Railroad Diagrams for Recipe Content Models

This formalism does show that at least one ingredient and step are required because, in following the lines and arrows, you must pass through the ingredient element or step element at least once before being allowed to loop around and pass through it again. Thus, railroad diagrams are more precise than the outline and containment-tree formalisms. However, each railroad diagram can describe the content model for only one element, a limitation that can obscure some useful details about nesting levels and structural similarities among different elements; for example, you usually can't get a quick sense of how “deep” an element's content model is when you look at its railroad diagram. Also, railroad diagrams are difficult for nontechnical people to use as a modeling tool, and the combinations of lines and arrows can quickly grow large and unwieldy.

We use a graphical formalism called elm tree diagrams (“elm” stands for “enables lucid models”) for modeling information with SGML; we feel it combines the best features of the other formalisms. Figure 2.4, “Recipe DTD Tree Diagram” shows our elm tree diagram for the recipe DTD at relatively late stage of the modeling work. (This example demonstrates only a few of the features of the tree diagram notation.)

Figure 2.4. Recipe DTD Tree Diagram

Recipe DTD Tree Diagram

Boxes represent elements, and ovals represent locations where collections of the items in the oval are allowed in a freely ordered mixture. Attributes are represented by single lines of descriptive text next to element boxes. The rules for an element's content are shown below its box, with various kinds of lines and symbols indicating various sequence and occurence rules. For example, this diagram happens to use the following parts of the notation:

  • A plus ( + ) on an element box means the element must occur one or more times.

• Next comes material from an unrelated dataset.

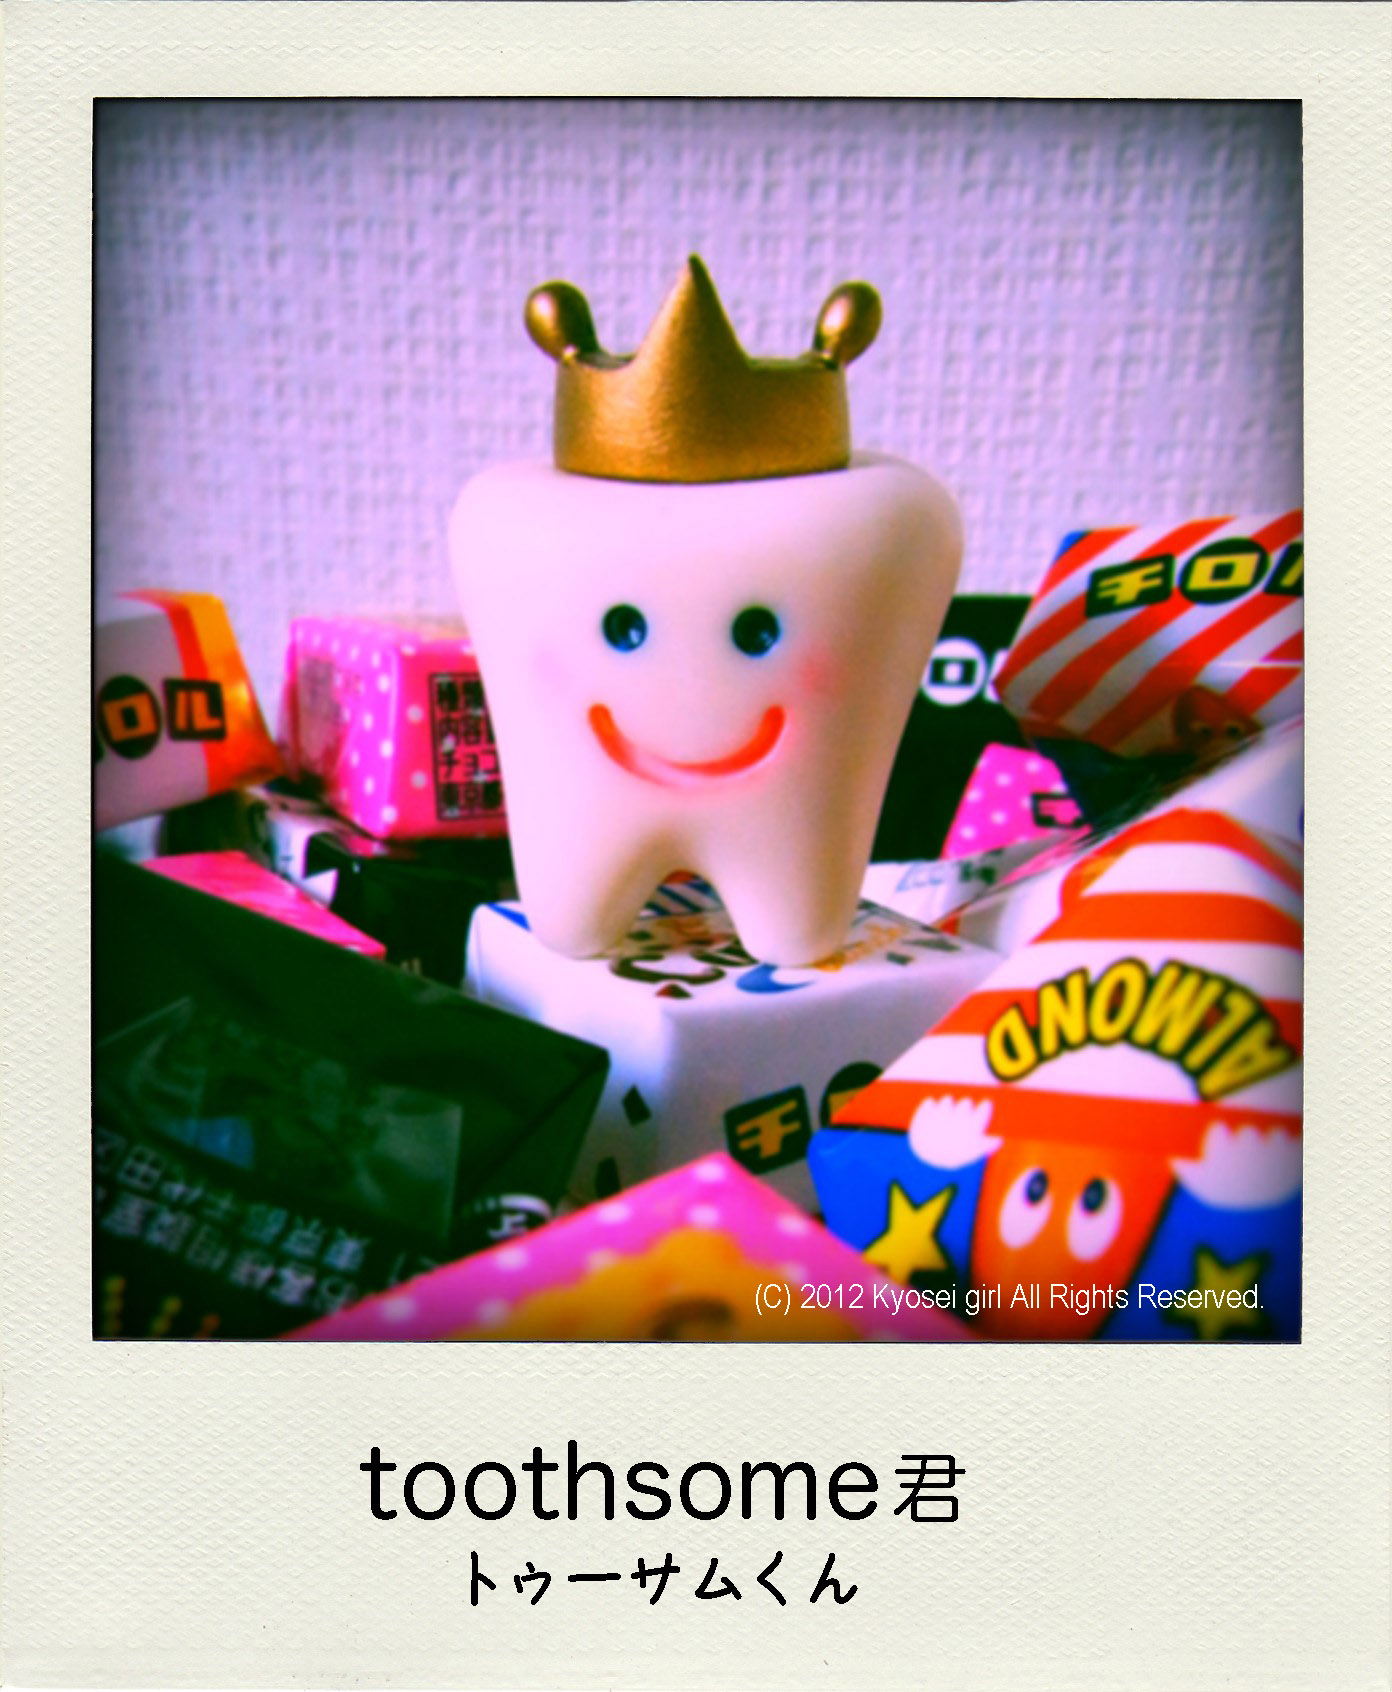 あの歯の展覧会が帰って来た？！“歯, The toothsome days! 2nd” 開催のお知らせ

  • The ovals containing “#PCDATA” mean that zero or more characters can be supplied in the elements to which the ovals are attached.

  • A horizontal bracket () below an element box means that each box or oval attached to the bracket must appear in the left-to-right order shown.

Appendix B, Tree Diagram Reference provides a complete reference description of all the features of the tree diagram notation.

This formalism offers an intuitive graphical form that allows people unfamiliar with SGML to express SGML-based modeling requirements with great precision. The tree diagrams grow along with the analysis and design process because they include special notations for representing decisions as yet unmade and pointers to expanded subdiagrams located elsewhere. A collection of complete diagrams also provides a powerful recording mechanism with which to document DTD design requirements for implementors, and is useful for documenting finished DTDs for authors. In working with groups of people who have varying levels of technical skill and SGML training, we have found that elm tree diagrams are a lingua franca that enhances DTD development productivity.

Several software tools are available for the graphical development and display of DTD rules, and they are generally regarded as useful adjuncts to developing DTDs, particularly for people who are new to application development. Don't feel, though, that you have to spend a lot of money on DTD development software to use our conceptual tools and formalisms; we and others have used them and developed DTDs quite successfully with pencils, paper, simple text editors, and validating parsers found in the public domain. Based on your SGML experience and budget, you may want to survey the state of the art in preparation for your own SGML effort.

Now that you have an idea of how the work will proceed, you can form a team for doing DTD development work and launch the project. Chapter 3, DTD Project Management describes how.